The codebase follows a simple access heuristic:
<contract type>.<payoff>.<vol model>.<method>.<value>
Currently, not all payoff types and volatility models are supported, so some of these levels are collapsed. The full access tree will be implemented in v1.0.0, which will involve an API change.
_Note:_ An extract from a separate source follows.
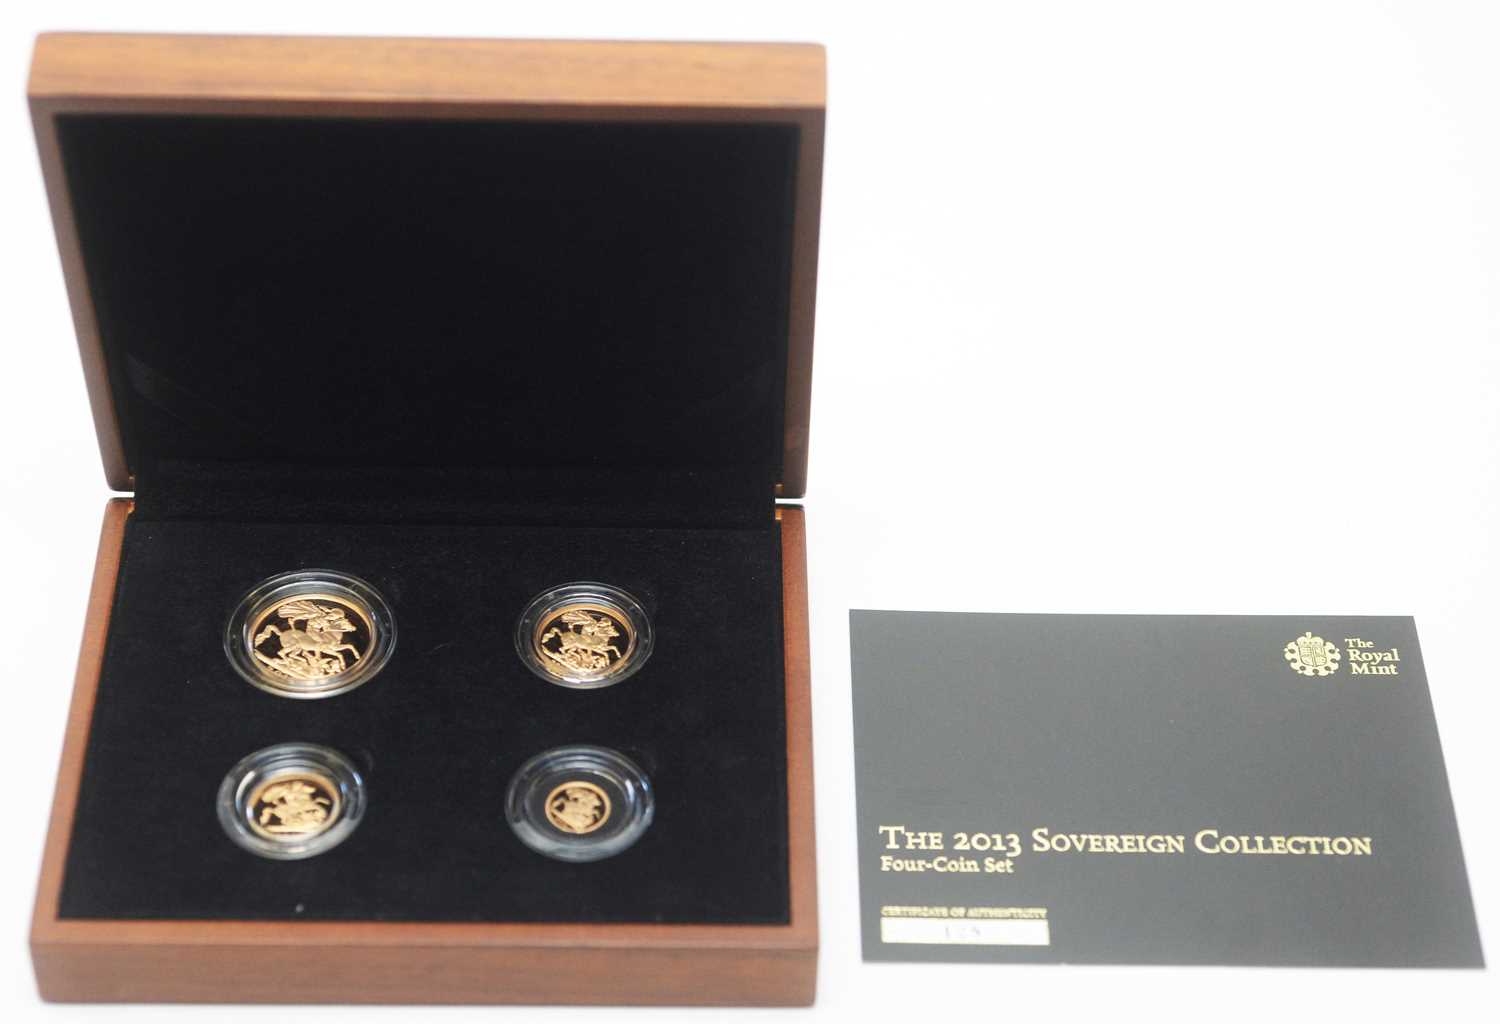 13 - The 2013 Sovereign Collection, issued by The Royal Mint,

Available <value> operations are:
- price
- iv (implied volatility inversion)
- greeks (with per-Greek flags like delta=True, gamma=False)
- individual greeks functions (i.e. delta_fp64() etc..)
In the Python wrapper, high-level dispatchers .price(), .greeks(), and .iv() automatically detect argument types and broadcast constants. For example, you can run bopm over an array of spots while passing the strike as a single constant float.
Examples in Python:
import fastvol as fv
fv.american.neural.price_fp32_batch(...)
fv.american.bopm.iv_fp32(...)
fv.american.ttree.price_fp64_batch(..., cuda=True)
fv.american.psor.greeks_fp32(..., delta=True, gamma=False)
fv.european.bsm.theta_fp64_batch(...)Examples in C/C++:
fastvol::american::ttree::price_fp64_batch(...); // C++ namespace access
fastvol::european::bsm::delta_fp32_batch(...);
american_bopm_iv_fp64(...); // C FFI
american_psor_price_fp32_cuda(...); This project is licensed under the MIT License. See the LICENSE file for details.
Valerio Galanti, Computer Science PhD student, Columbia University.